The correlation coefficient is a measure used to indicate the strength and direction of the relationship between two random variables. In the context of a Poisson process involving a queueing system, we examine intervals of time and the number of customer arrivals. Specifically, we review the relationship between customer arrivals in overlapping time periods.
For the random variables, such as the number of customers arriving at a queue in a given time, the correlation coefficient helps us understand how one event predicts or relates to another. A positive correlation indicates a direct relationship; as one number increases, so does the other.
The formula for the correlation coefficient, \( \rho(X, Y) \), is given by:
\[ \rho = \frac{\text{Cov}(X, Y)}{\sqrt{\text{Var}(X) \cdot \text{Var}(Y)}} \]
where \( \text{Cov}(X, Y) \) is the covariance between \( X \) and \( Y \), and \( \text{Var}(X) \), \( \text{Var}(Y) \) are the variances of \( X \) and \( Y \) respectively.

Insights into Queueing Systems

Queueing systems are models used to describe processes where "customers" wait for service. These customers could be people in line at a bank, or data packets waiting to be sent over a network. The arrival of customers is often random and can be described using probability models such as the Poisson process.
In a queueing system with a Poisson process, the number of arrivals is random and occurs continuously over time. This arrival pattern is particularly common in systems where events occur independently and at a constant average rate \( \lambda \). This implies that the expected number of events happening in disjoint time periods are independent.
Queueing theory helps us model these situations to optimize service times, reduce wait times, and ensure smooth operation of a service mechanism, all of which are crucial in various industries like telecommunications and customer support.

Covariance in Poisson Processes

Covariance is a measure of how much two random variables change together.
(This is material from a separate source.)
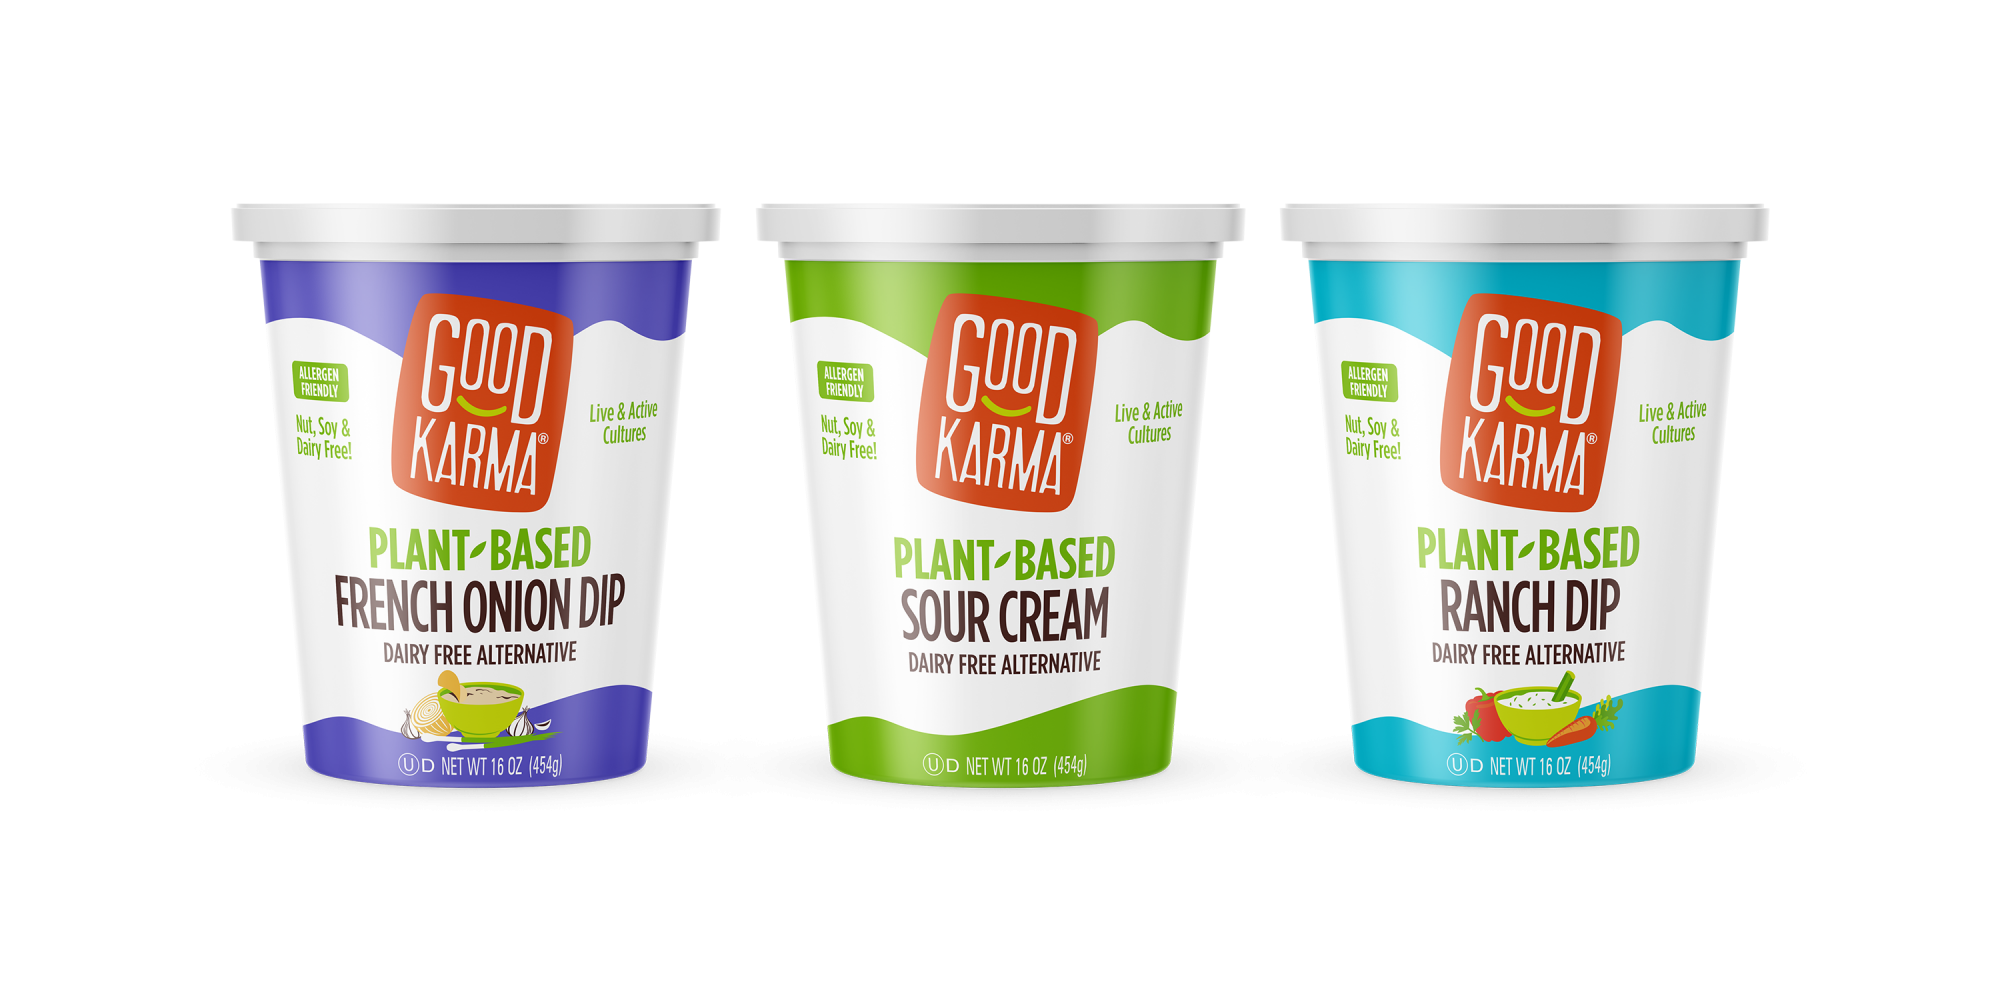 Good Karma Plant-Based Sour Cream + Dips

If two variables have high covariance, they tend to change in the same direction together. In the context of our Poisson-based queueing system, covariance plays a role in understanding how two time intervals are related.
In Poisson processes, we calculate covariance based on the assumption of independent increments. This means that the events (customer arrivals) in non-overlapping time intervals are independent, resulting in a zero covariance for these periods.
Precisely, for a Poisson process with rate \( \lambda \), if we have two intervals such \( X(t) \) and \( Y(s) \) which are independent increments, their covariance is:
\[ \text{Cov}(X(t), Y(s)) = 0 \]
This zero covariance is the property that allows us to substitute directly when calculating the correlation coefficient between two intervals \( X(t) \) and \( X(t+s) \).
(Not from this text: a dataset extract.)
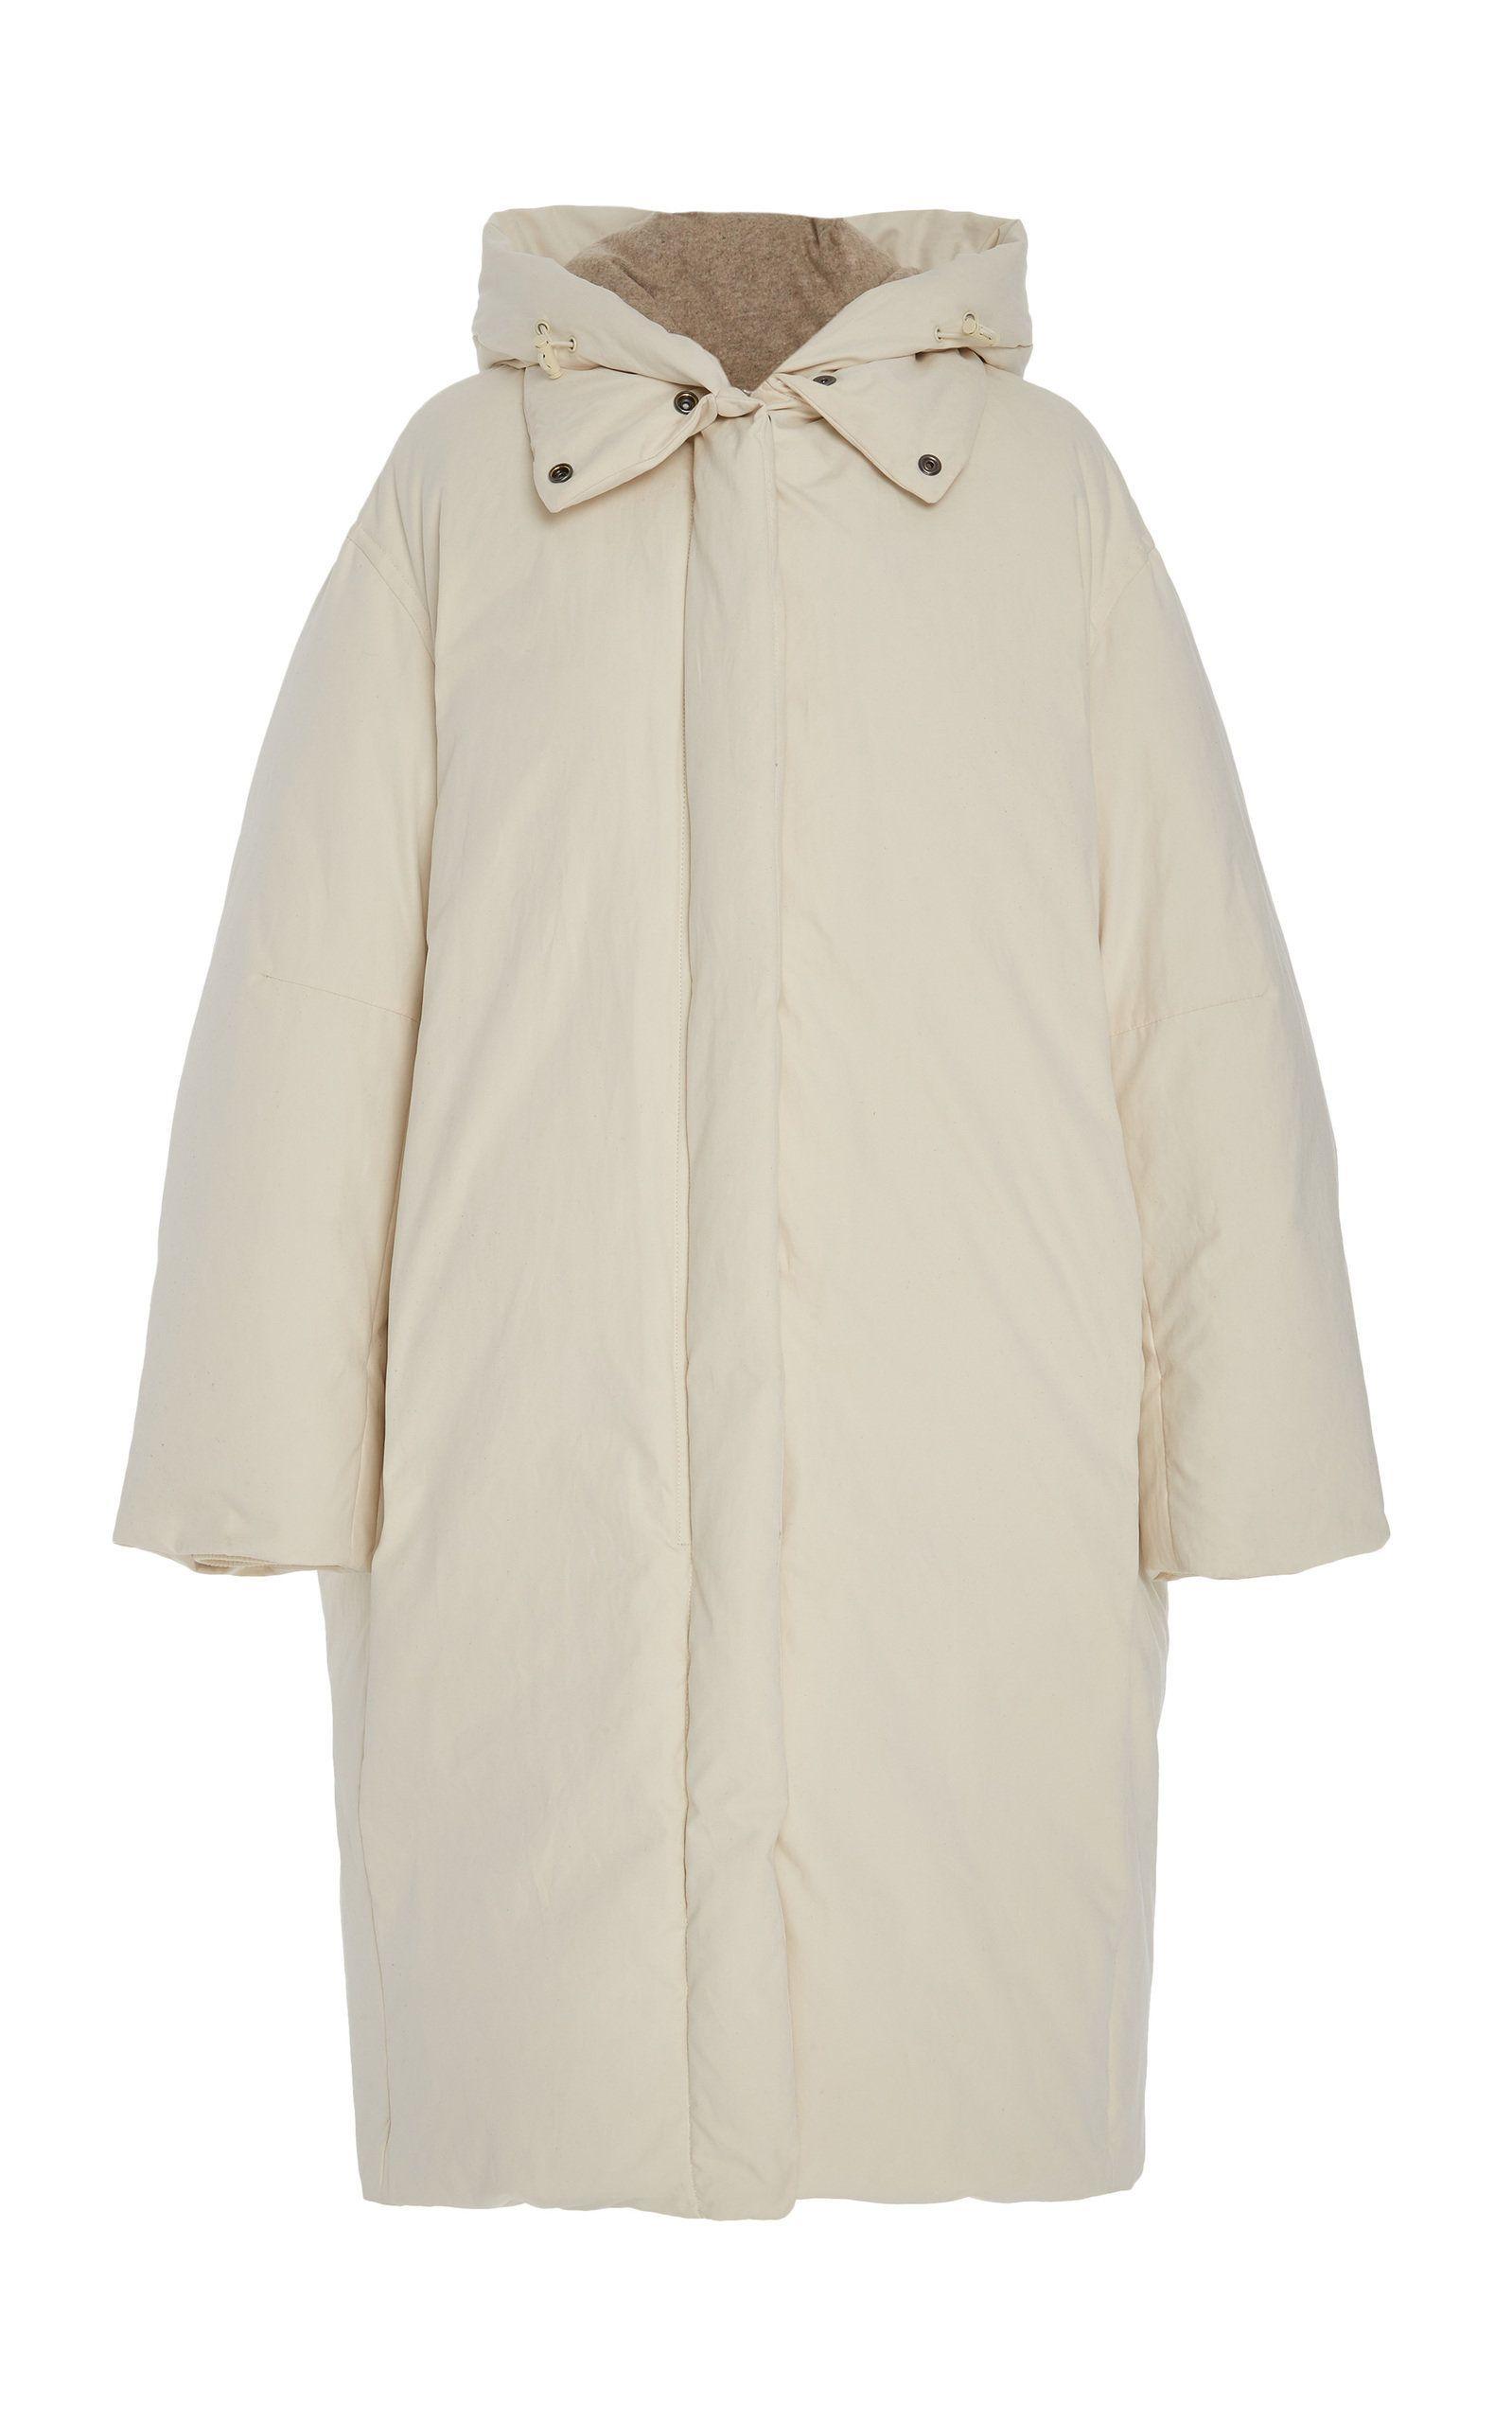 Vince Oversized Hooded Shell Down Coat Down Coat Coat White Puffer Coat [ 2560 x 1598 Pixel ]

Role of Independent Increments

Independent increments are a core concept in Poisson and many other stochastic processes. They refer to the idea that events occurring in non-overlapping time intervals do not affect each other, meaning the arrival during one interval does not influence the number of arrivals in another.
For our queueing system, this principle simplifies analysis since it implies that arrivals in different intervals can be considered separately when calculating probabilities and statistics. It holds that:

• For any two intervals \( (0, t] \) and \( (t, t+s] \), the number of arrivals is independent.
• Covariance between independent increments is zero, i.e., \( \text{Cov}(X(t), Y(s)) = 0 \).

Understanding independent increments is pivotal as it impacts how we compute other measures like expectation, variance, and ultimately the correlation coefficient. The independence of increments is what makes the Poisson process both practical and powerful for modeling many real-life situations where phenomena occur randomly yet with a predictable average rate.